Quand Renault annonce dans son plan stratégique Renaulution que son objectif n’est plus la course au volume, mais la création de valeur, ses dirigeants actent, lucidement, le fait qu’un constructeur ne devrait plus être jugé sur son rang mondial en volume produit, mais dans sa capacité à apporter une réponse convaincante aux enjeux de l’époque. Mais est-ce une décision forte ou un constat d’impuissance à être le premier constructeur mondial ? Car, en même temps, Toyota, avec 9,53 millions de voitures vendues (-11,3%), annonce avoir battu Volkswagen, crédité de 9,3 millions de véhicules (-15,2 %) en 2020 sur le seul critère des volumes. L’Alliance Renault-Nissan-Mitsubishi qui se targuait d’être le premier constructeur mondial en 2018 a lourdement subi la crise et perdu 24 % de ventes en 2020 avec 7,7 millions de véhicules. Le nouvel ensemble Stellantis justifie le rapprochement PSA/FCA par les volumes, qui permettraient, seuls, une rationalisation des plateformes et des synergies d’achats.
La valorisation boursière, avec son prisme, propose une autre approximation de cette évolution. Tesla, créée en 2003, avec 500 000 véhicules produits en 2020, est estimé valoir plus de 800 milliards $, soit plus de trois fois Toyota (233 milliards $) qui produit vingt fois plus. Les constructeurs historiques ironisent sur cette situation qu’ils jugent déraisonnable comme ils pensaient il y a dix ans que Tesla n’avait aucune chance de devenir un constructeur crédible.
Une industrie confrontée à une mutation rapide
Avec la crise financière de 2008, l’industrie automobile mondiale s’était retrouvée face à une crise de la demande qui l’a conduit, avec l’aide des États, à se restructurer dans la hâte. La crise de 2020 est plus complexe car elle touche à la fois l’offre, avec la fermeture des usines et des réseaux de vente qui ont paralysé les ventes comme le production, et la demande, confrontée à d’autre priorités. Mais cette crise touche une industrie qui avait déjà engagé au cours de la décennie 2010 une mutation majeure touchant ses caractéristiques fondamentales.
D’une part après 120 ans de domination sans nuance du pétrole comme source d’énergie, cette industrie de motoristes se trouve face à un défi considérable, se reconfigurer comme ensemblier de composants, moteurs électriques et batteries, qui ne sont pas dans son ADN. D’autre part, le développement des composants électroniques font du véhicule un réseau local en mouvement, connecté à son environnement et piloté par des capteurs multiples. Le logiciel est désormais au cœur de la performance du véhicule.

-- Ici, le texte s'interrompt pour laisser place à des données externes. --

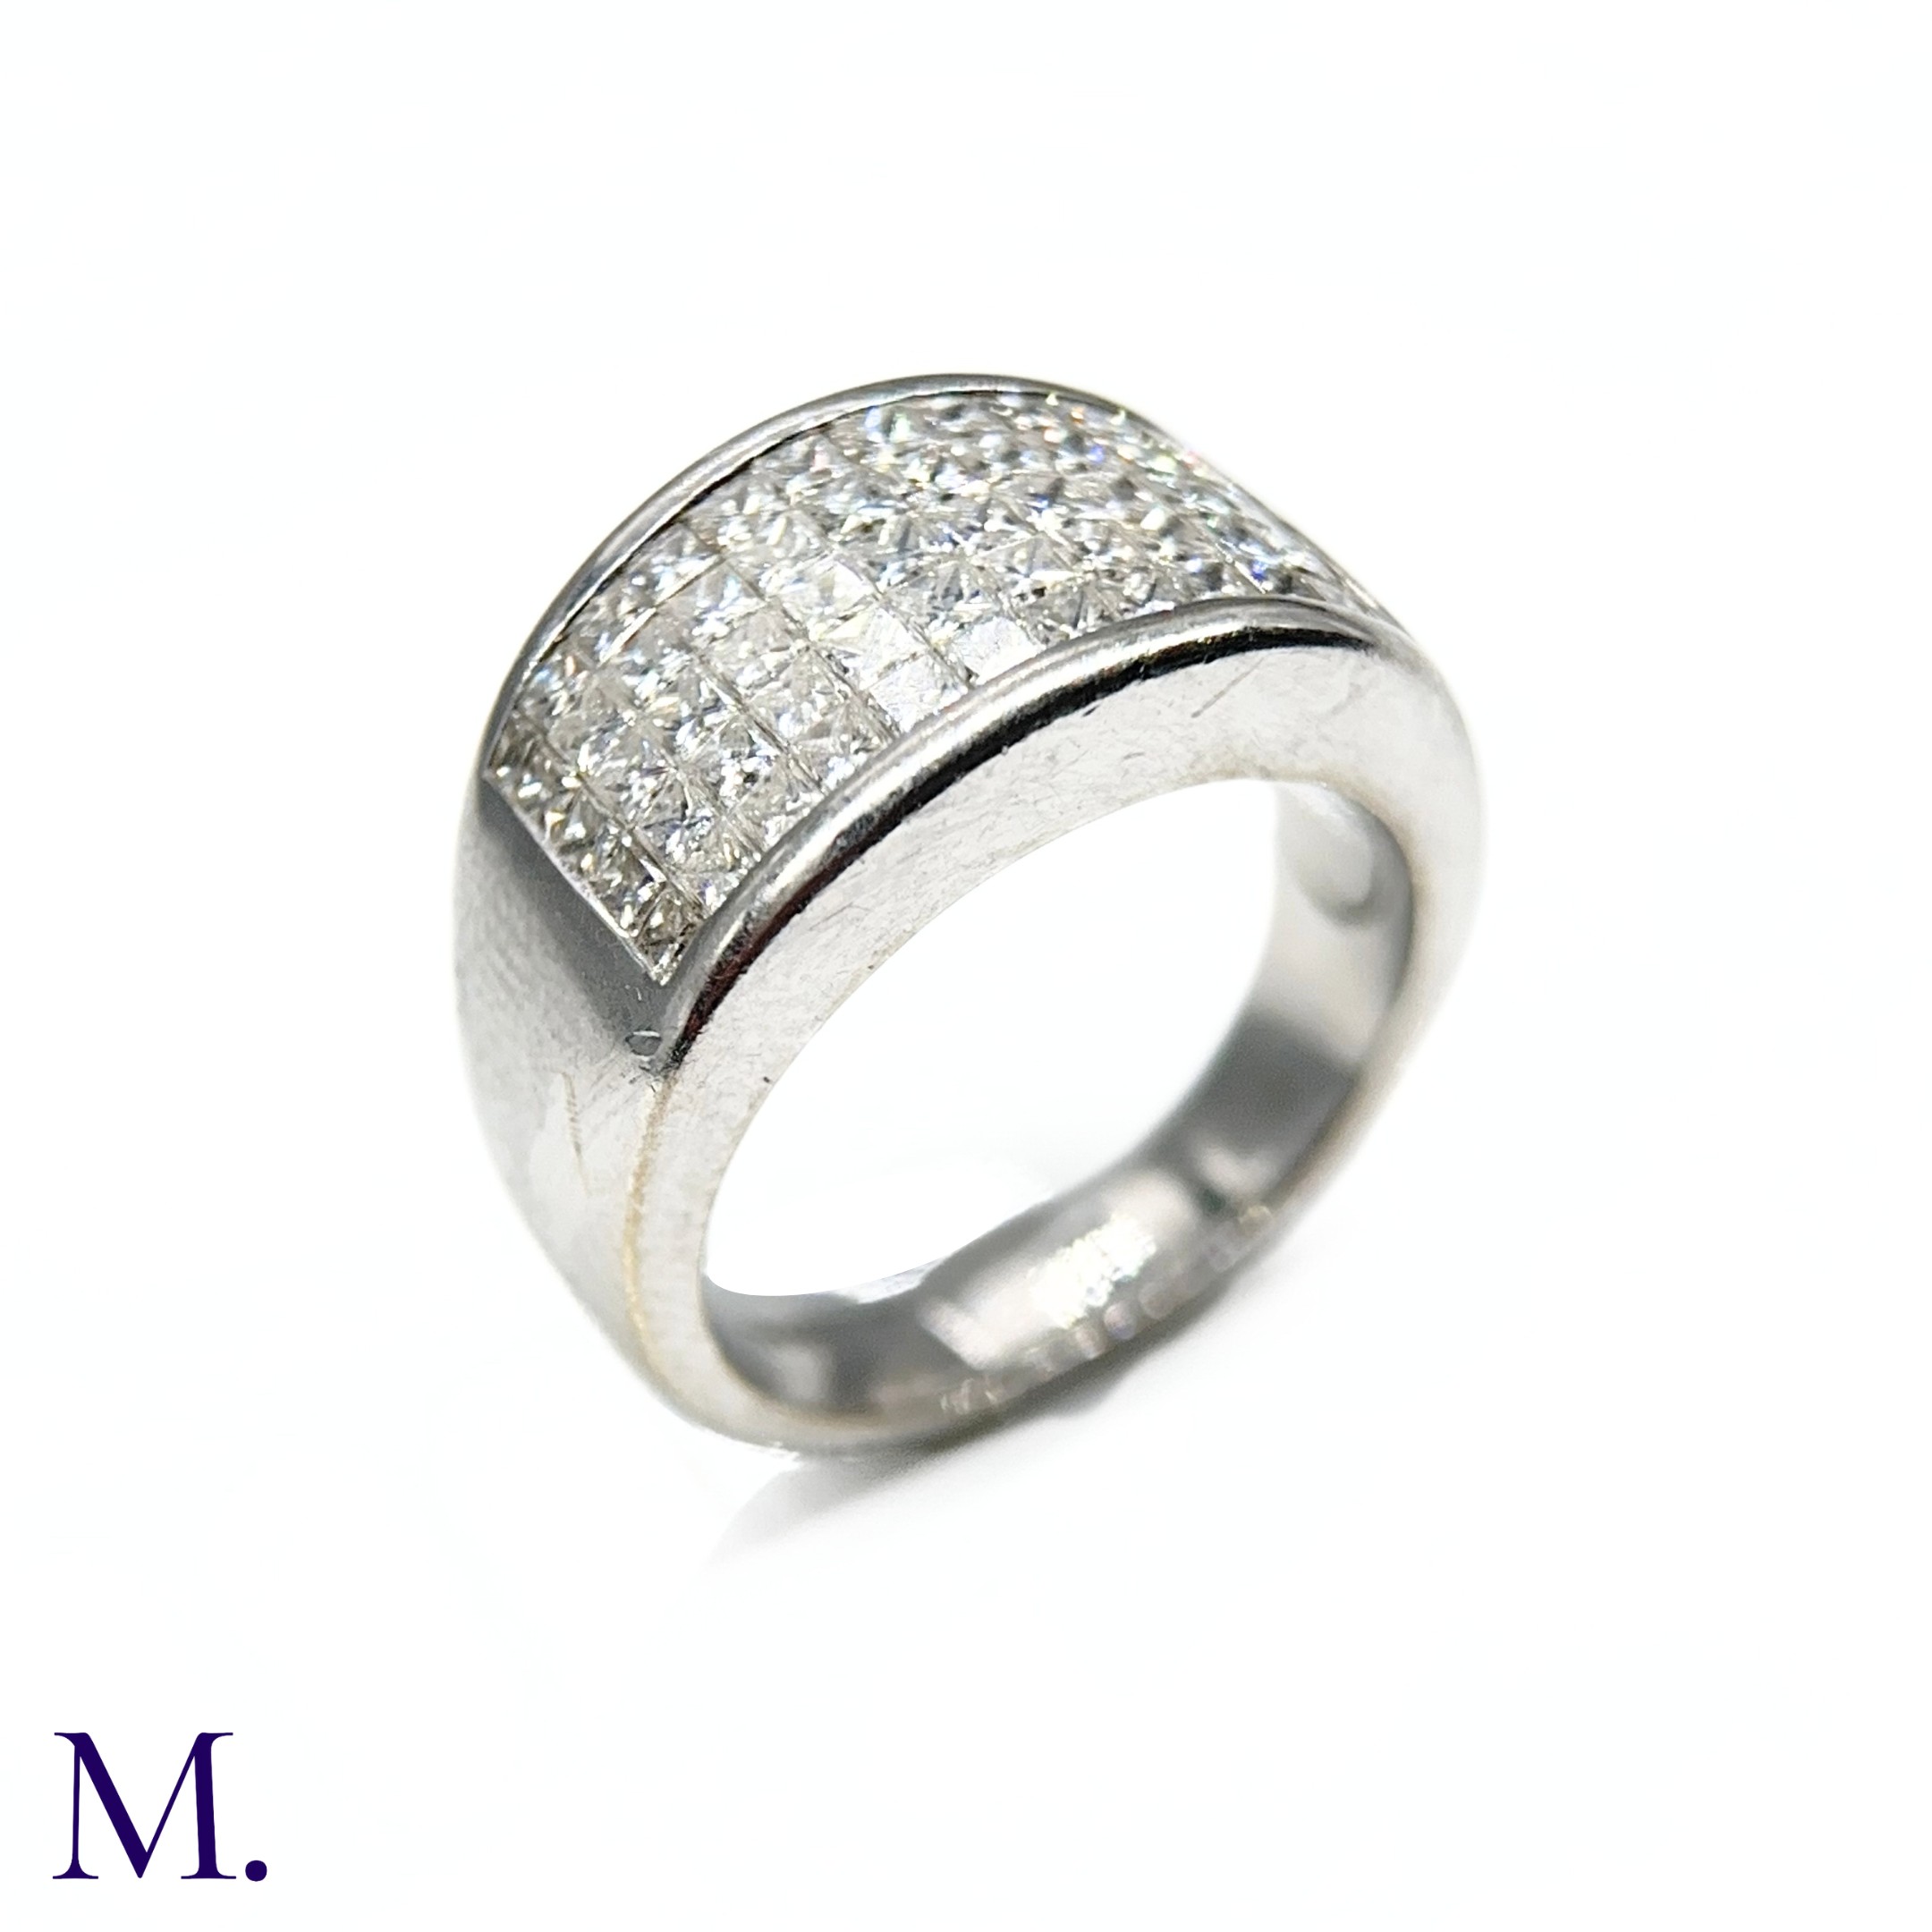 An 5-Row Asscher-cut Diamond Ring - Image 3 of 7
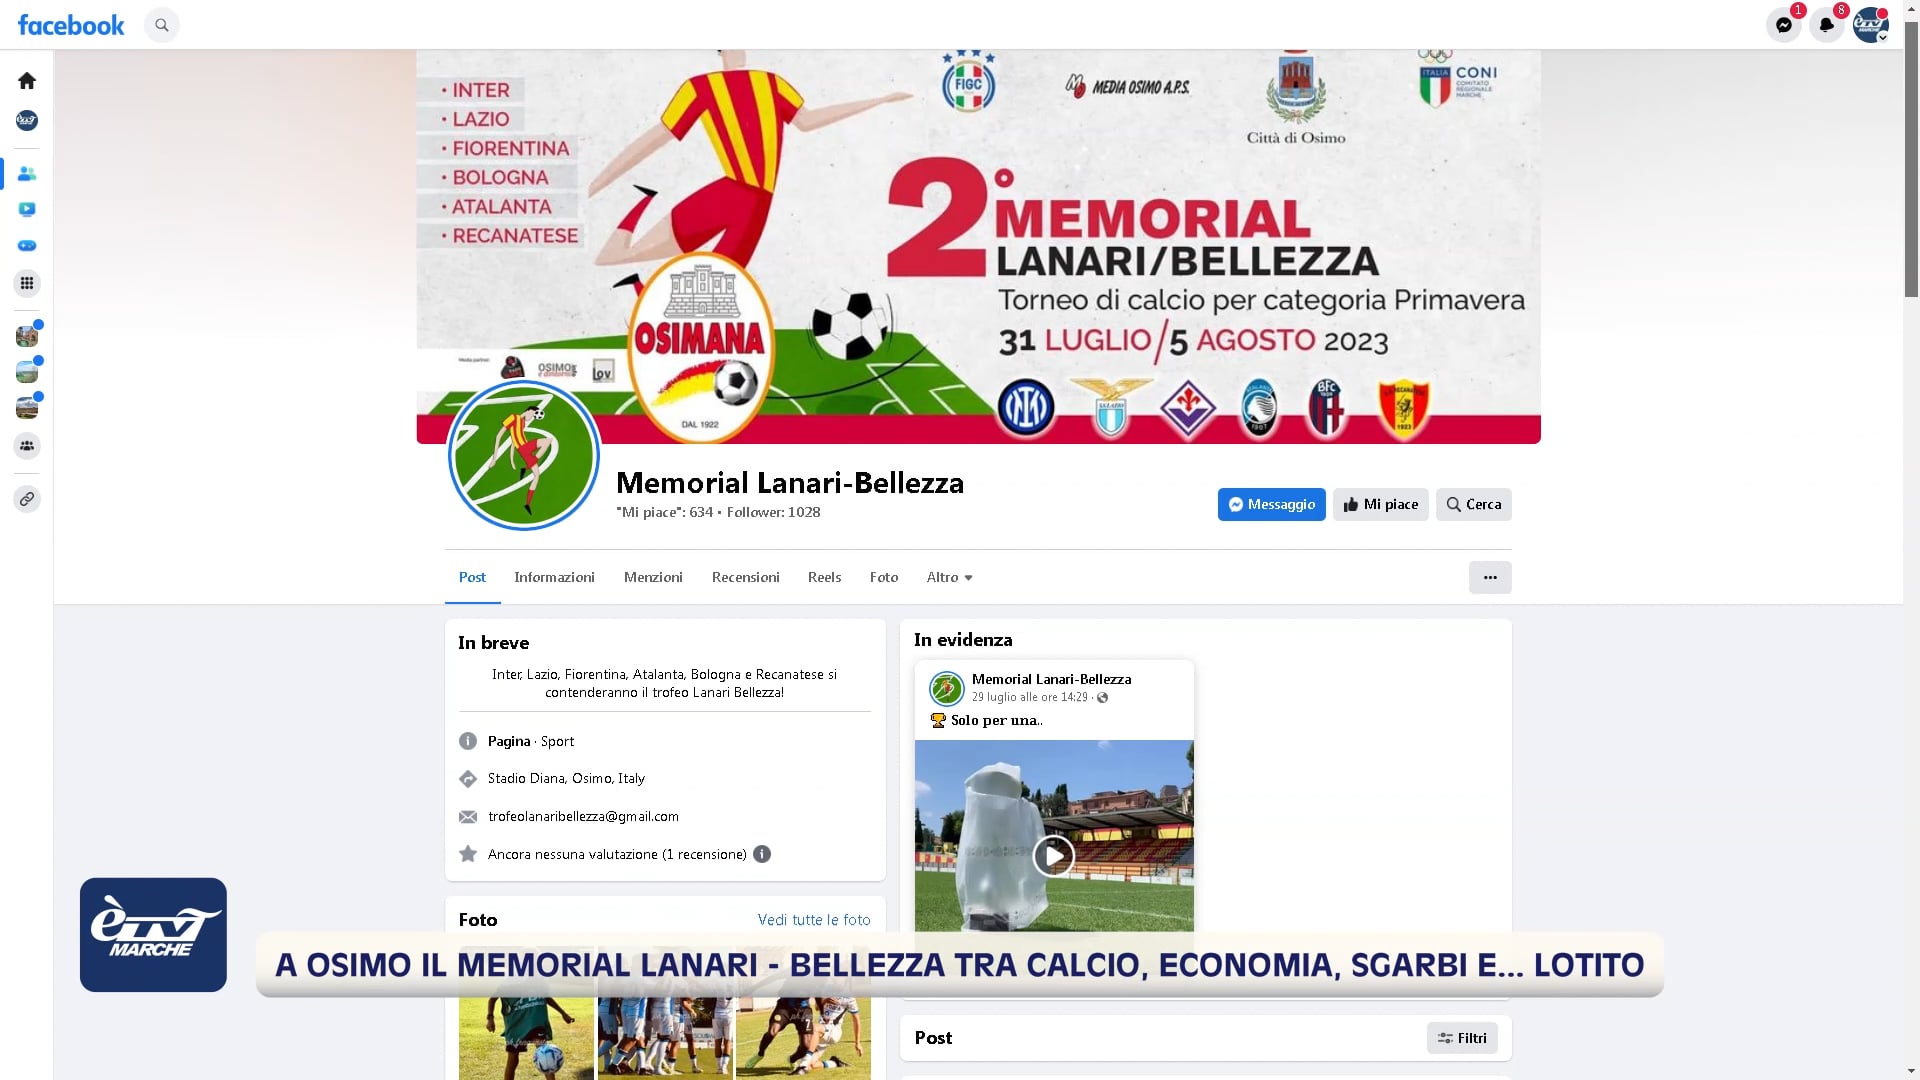 A Osimo il Memorial Lanari - Bellezza tra calcio, economia, Sgarbi e .. Lotito

Enfin, le modèle historique de distribution de l’industrie automobile - le véhicule en pleine propriété – est remis en cause par l’émergence de l’usage comme accès à la mobilité plutôt que la propriété. Cela prend des formes diverses - autopartage, co-voiturage, VTC - qui conduisent à partager l’usage d’un véhicule plutôt que d‘en avoir la jouissance exclusive.
Ces facteurs ébranlent l’industrie qui doit se repenser en sortant de ses pratiques habituelles.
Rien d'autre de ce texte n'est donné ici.